MathLeap-Octen-8B

An 8B retrieval-tuned embedding model for mathematical text. Fine-tuned from Octen/Octen-Embedding-8B. It's a retrieval-specialized variant of Qwen3-Embedding-8B — on mathlib4 concepts via multi-view contrastive learning. The goal is to embed mathematically equivalent statements close together regardless of the surface language they are written in.

A companion model fine-tuned from the original Qwen3-Embedding-8B under the same recipe, MathLeap-Qwen-8B is also released.

Usage

from huggingface_hub import snapshot_download
from sentence_transformers import SentenceTransformer

# Download model files from anonymous mirror
model_path = snapshot_download(
    repo_id="anonymous-submission/MathLeap-Octen-8B",
    endpoint="https://anonymous-hf.up.railway.app/a/9n9cngyu38hk/", 
)

# Load locally
model = SentenceTransformer(model_path)

query = "For any natural number n, n + 0 = n."
docs = [
    "theorem add_zero (n : â„•) : n + 0 = n := rfl",
    "theorem mul_zero (n : â„•) : n * 0 = 0 := rfl",
]
q_emb = model.encode([query])
d_emb = model.encode(docs)
print(q_emb @ d_emb.T)

The model accepts queries and documents interchangeably across three forms: informal natural-language descriptions, Lean 4 type signatures (e.g., α → α → α), and full Lean 4 declarations (e.g., theorem foo (x : ℕ) : ...).

Model details

Base model Octen/Octen-Embedding-8B (a retrieval-specialized fine-tune of Qwen3-Embedding-8B)
Parameters ~8B (decoder-only transformer)
Embedding dimension 4096
Max sequence length 128 (training); 32K from base
Pooling Last-token
Similarity Cosine, L2-normalized

Training

Data

The training set is derived from FrenzyMath/mathlib_informal_v4.19.0 (Apache 2.0), augmented with LLM-generated natural-language rephrasings. Each mathlib concept has up to four parallel "views":

  • nl_informal: informal natural-language description
  • nl_informal_2: LLM-generated NL rephrasing (~85% of concepts)
  • lean_type: Lean 4 type signature
  • lean_signature: full Lean 4 declaration

Rephrasings were generated by prompting an LLM to first decompose each statement into hypotheses and conclusions, then reassemble them with a different surface form (different variable names, sentence structure, voice, or quantifier ordering) while preserving mathematical content.

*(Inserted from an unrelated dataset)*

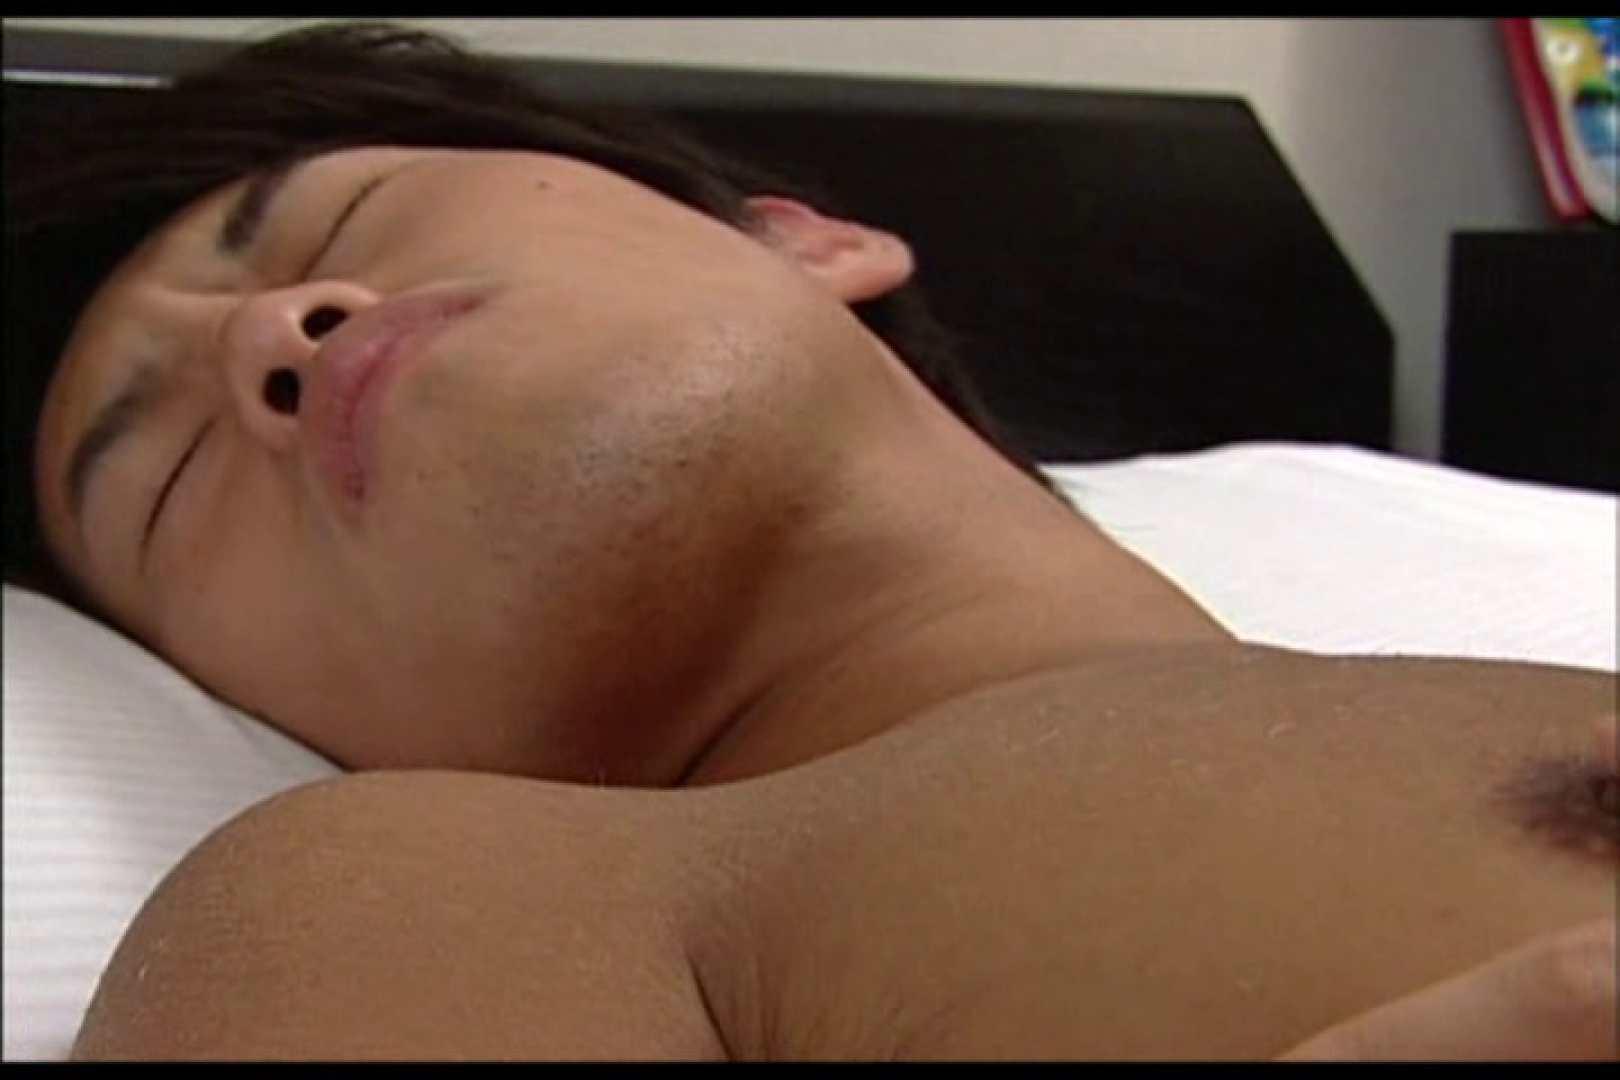 かよわい若者達の性的コミュニケーション(高画質ver)VOL.02 入浴・シャワー ゲイエロビデオ画像 62連発 5
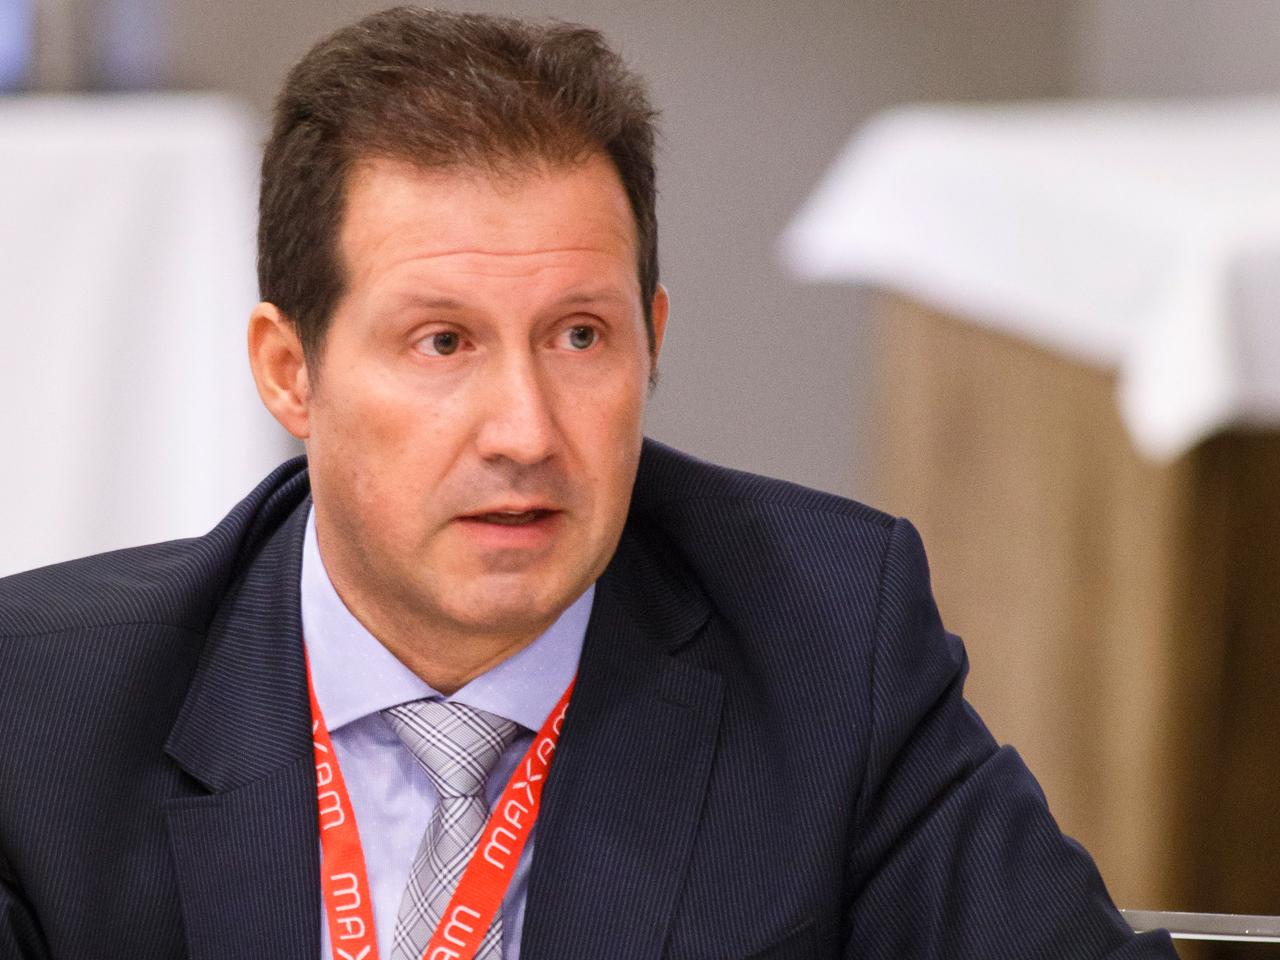 César Luaces Frades

The full training set contains 118,334 concepts; held-out evaluation uses 15,287 concepts. Train/dev split is by mathlib module to prevent leakage of structurally related theorems.

Objective

Multi-view contrastive learning with CachedMultipleNegativesRankingLoss (Gao et al., 2021). For each concept, the data loader samples a random view pair as (anchor, positive); other concepts in the same batch serve as in-batch negatives. The cached variant chunks forward passes so that 8B models fit at batch_size 16 on a single 80GB GPU while remaining mathematically equivalent to standard MNRL.

This setup implicitly covers all six retrieval directions across NL and Lean modalities (NL→Lean, Lean→NL, NL↔NL, Lean↔Lean) without explicit direction supervision.

Hyperparameters

Loss CachedMultipleNegativesRankingLoss
Cosine similarity scale 20.0
Optimizer AdamW
Warmup steps 700
Scheduler warmupconstant
Batch size 16
Max sequence length 128
Epochs 2 (≈ 14,790 steps)
Seed 42
Train/dev split Module-level group split, dev_frac = 0.1
Train concepts 118,334
Held-out concepts 15,287

Evaluation

In-domain held-out FrenzyMath retrieval (six directions)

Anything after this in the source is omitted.